References: <1234475483.30155.194.camel@nimitz>	<20090212141014.2cd3d54d.akpm@linux-foundation.org>	<1234479845.30155.220.camel@nimitz>	<20090226155755.GA1456@x200.localdomain>	<20090310215305.GA2078@x200.localdomain>	<49B775B4.1040800@free.fr>	<20090312145311.GC12390@us.ibm.com>	<1236891719.32630.14.camel@bahia>	<20090312212124.GA25019@us.ibm.com>	<604427e00903122129y37ad791aq5fe7ef2552415da9@mail.gmail.com>	<20090313053458.GA28833@us.ibm.com>	<alpine.LFD.2.00.0903131018390.3940@localhost.localdomain> <49BAC6AF.9090607@google.com> <49BADFCE.8020207@cs.columbia.edu> <49C1435B.1090809@google.com>
In-Reply-To: <49C1435B.1090809@google.com>
Content-Type: text/plain; charset=ISO-8859-1
Content-Transfer-Encoding: 7bit
Sender: linux-kernel-owner@vger.kernel.org
Content-Length: 4945
Lines: 118


Mike Waychison wrote:
> Oren Laadan wrote:
>>
>> Mike Waychison wrote:
>>> Linus Torvalds wrote:
>>>> On Thu, 12 Mar 2009, Sukadev Bhattiprolu wrote:
>>>>
>>>>> Ying Han [yinghan@google.com] wrote:
>>>>> | Hi Serge:
>>>>> | I made a patch based on Oren's tree recently which implement a new
>>>>> | syscall clone_with_pid.

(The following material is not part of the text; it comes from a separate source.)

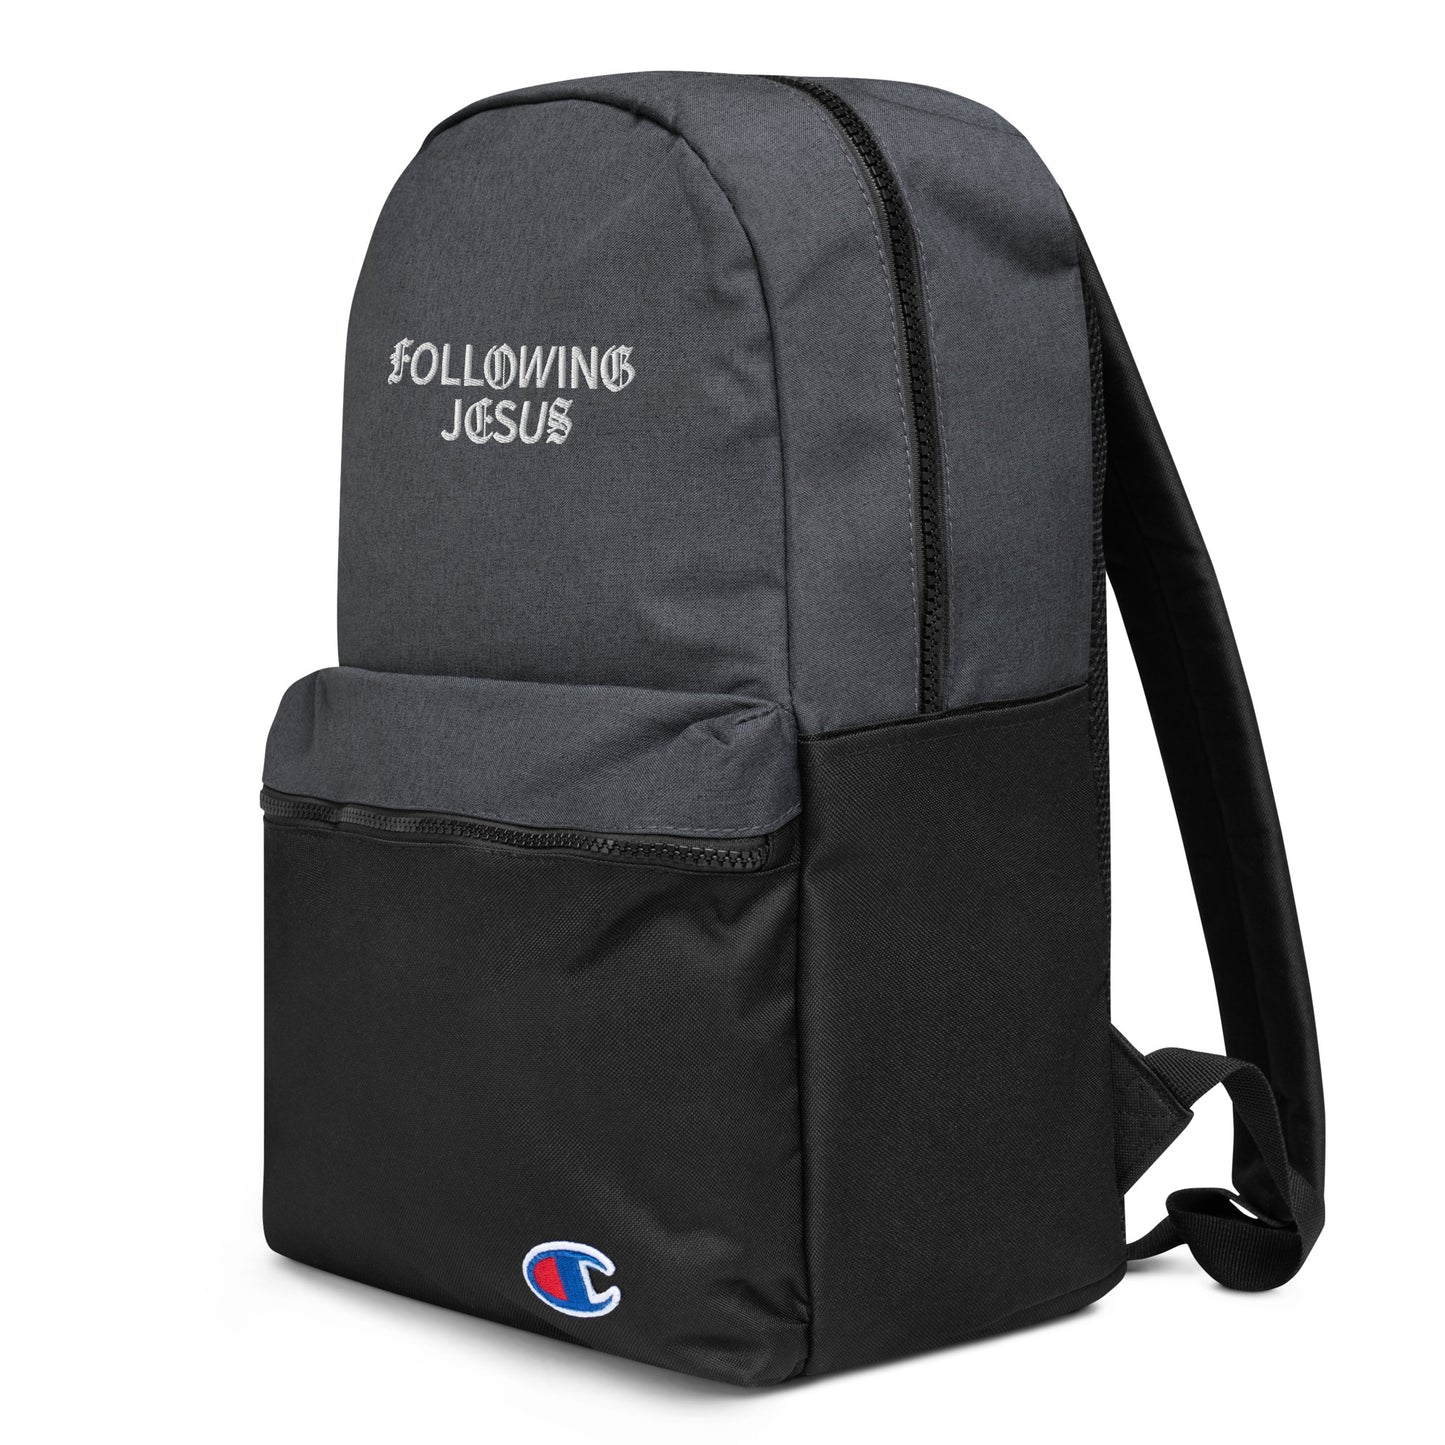 Following Jesus Champion Backpack

I tested with checkpoint/restart process
>>>>> tree
>>>>> | and it works as expected.
>>>>>
>>>>> Yes, I think we had a version of clone() with pid a while ago.
>>>> Are people _at_all_ thinking about security?
>>>>
>>>> Obviously not.
>>>>
>>>> There's no way we can do anything like this. Sure, it's trivial to
>>>> do inside the kernel. But it also sounds like a _wonderful_ attack
>>>> vector against badly written user-land software that sends signals
>>>> and has small races.
>>> I'm not really sure how this is different than a malicious app going
>>> off and spawning thousands of threads in an attempt to hit a target
>>> pid from a security pov.  Sure, it makes it easier, but it's not like
>>> there is anything in place to close the attack vector.
>>>
>>>> Quite frankly, from having followed the discussion(s) over the last
>>>> few weeks about checkpoint/restart in various forms, my reaction to
>>>> just about _all_ of this is that people pushing this are pretty damn
>>>> borderline.
>>>> I think you guys are working on all the wrong problems.

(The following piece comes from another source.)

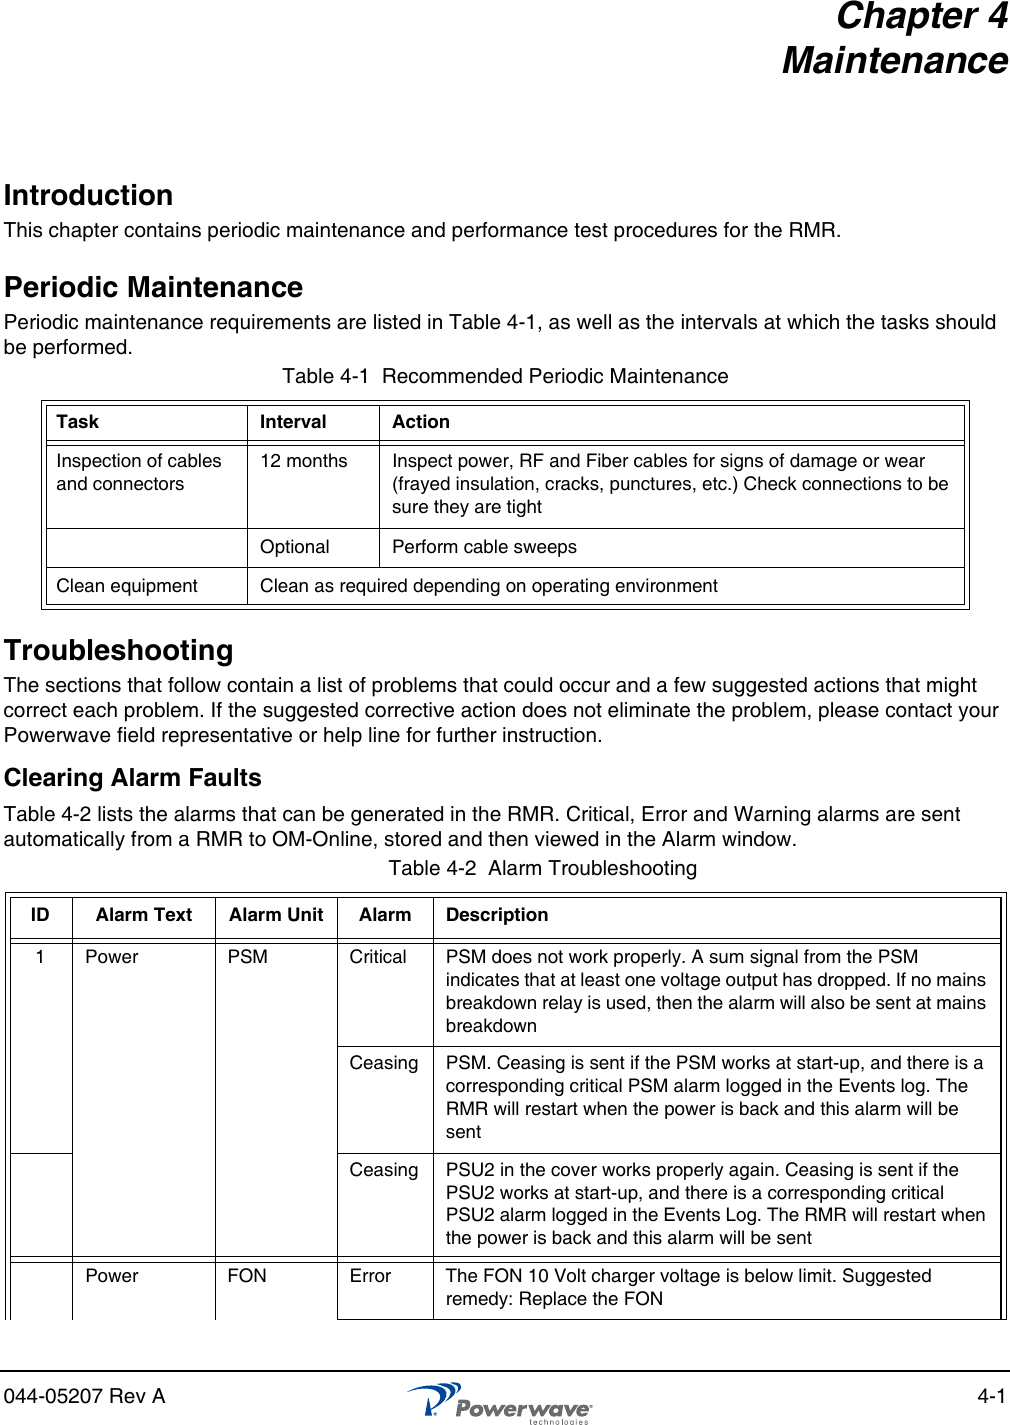 044-05207 Rev A 4-1Chapter 4MaintenanceIntroductionThis chapter contains periodic maintenance and performance test procedures for the RMR.Periodic MaintenancePeriodic maintenance requirements are listed in Table 4-1, as well as the intervals at which the tasks should be performed.TroubleshootingThe sections that follow contain a list of problems that could occur and a few suggested actions that might correct each problem. If the suggested corrective action does not eliminate the problem, please contact your Powerwave field representative or help line for further instruction.Clearing Alarm FaultsTable 4-2 lists the alarms that can be generated in the RMR. Critical, Error and Warning alarms are sent automatically from a RMR to OM-Online, stored and then viewed in the Alarm window.Table 4-1  Recommended Periodic MaintenanceTask Interval ActionInspection of cables and connectors12 months Inspect power, RF and Fiber cables for signs of damage or wear (frayed insulation, cracks, punctures, etc.) Check connections to be sure they are tightOptional Perform cable sweepsClean equipment Clean as required depending on operating environmentTable 4-2  Alarm TroubleshootingID Alarm Text Alarm Unit Alarm Description1 Power PSM Critical PSM does not work properly. A sum signal from the PSM indicates that at least one voltage output has dropped. If no mains breakdown relay is used, then the alarm will also be sent at mains breakdownCeasing PSM. Ceasing is sent if the PSM works at start-up, and there is a corresponding critical PSM alarm logged in the Events log. The RMR will restart when the power is back and this alarm will be sentCeasing PSU2 in the cover works properly again. Ceasing is sent if the PSU2 works at start-up, and there is a corresponding critical PSU2 alarm logged in the Events Log. The RMR will restart when the power is back and this alarm will be sentPower FON Error The FON 10 Volt charger voltage is below limit. Suggested remedy: Replace the FON

>>>> Let's face it, we're not going to _ever_ checkpoint any kind of
>>>> general case process. Just TCP makes that fundamentally impossible
>>>> in the general case, and there are lots and lots of other cases too
>>>> (just something as totally _trivial_ as all the files in the
>>>> filesystem that don't get rolled back).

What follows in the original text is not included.